- Theatrical release poster
- French: En liberté !
- Directed by: Pierre Salvadori
- Screenplay by: Pierre Salvadori; Benoît Graffin; Benjamin Charbit;
- Dialogue by: Pierre Salvadori
- Produced by: Philippe Martin; David Thion;
- Starring: Adèle Haenel; Pio Marmaï; Damien Bonnard; Vincent Elbaz; Audrey Tautou; Octave Bossuet; Hocine Choutri; Jean-Louis Barcelona;
- Cinematography: Julien Poupard
- Edited by: Isabelle Devinck; Julie Lena; Géraldine Mangenot;
- Music by: Camille Bazbaz
- Production companies: Les Films Pelléas; France 2 Cinéma; MK2 Films; CN6 Productions; Les Films Chaocorp; Tovo Films;
- Distributed by: Memento Films Distribution
- Release dates: 14 May 2018 (Cannes); 31 October 2018 (France);
- Running time: 108 minutes
- Country: France
- Language: French
- Budget: €8 million ($9.2 million)
- Box office: $6.8 million

= The Trouble with You =

2018 film by Pierre Salvadori

The Trouble with You (En liberté !) is a 2018 French romantic crime comedy film co-written and directed by Pierre Salvadori. It stars Adèle Haenel, Pio Marmaï, Damien Bonnard, Vincent Elbaz and Audrey Tautou.

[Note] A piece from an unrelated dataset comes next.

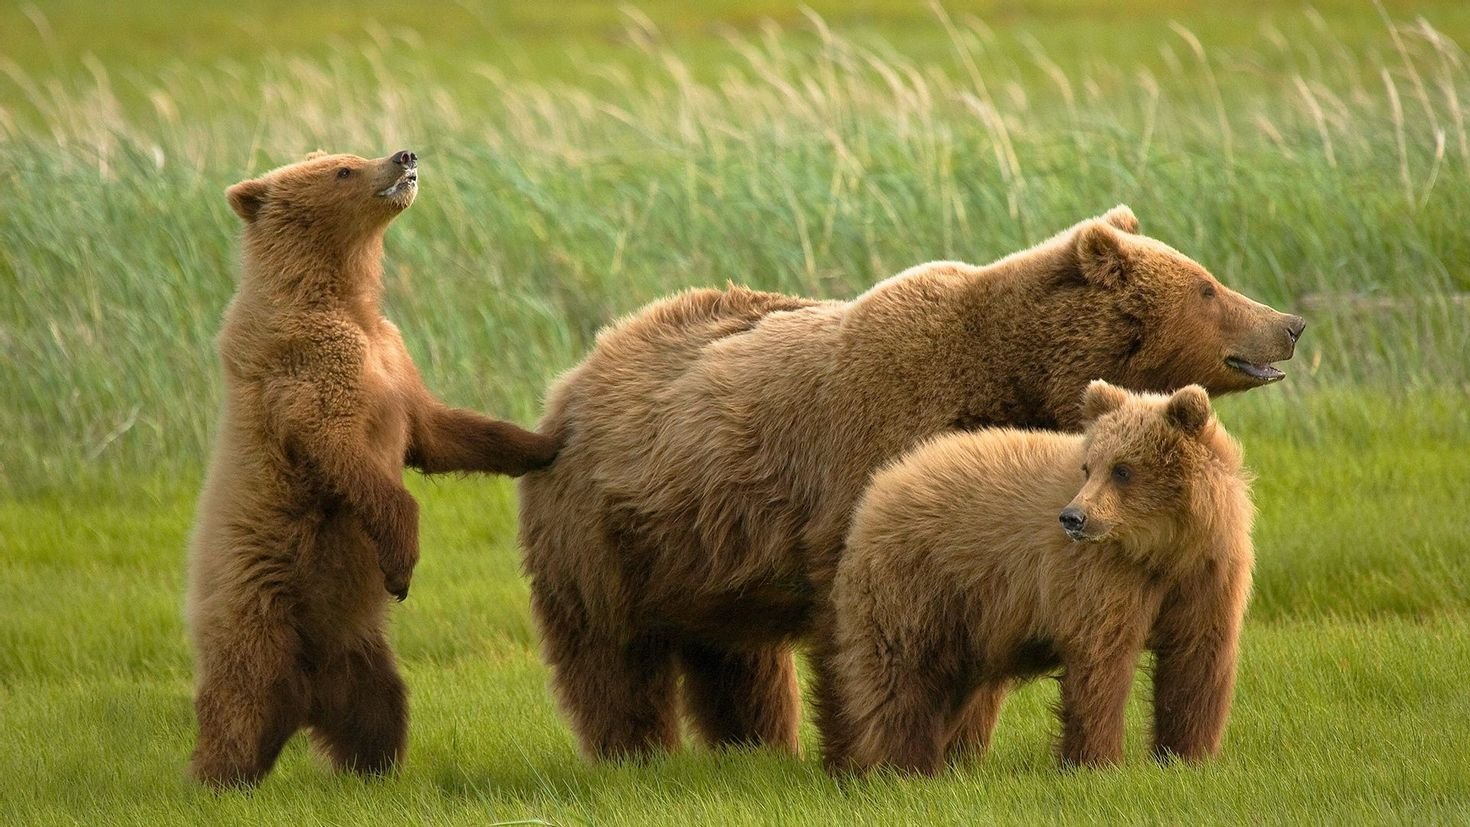 Grizzly медведь: изображения без лицензионных платежей

The film premiered in the Directors' Fortnight section of the Cannes Film Festival on 14 May 2018. It was released theatrically in France on 31 October 2018 by Memento Films Distribution.

==Plot==
Yvonne tells her young son every night the adventures of his father Jean, a police officer who died two years before. She is a lieutenant herself, and she prefers being on the field to the desk job she has. During a routine interrogation, she learns that Jean was in fact a corrupt cop, and had got Antoine imprisoned, who had a clean history before, for a hold-up of a jewellery shop. Louis, a colleague who is in love with her, convinces Yvonne to not reveal anything and let Antoine finish his last weeks in jail.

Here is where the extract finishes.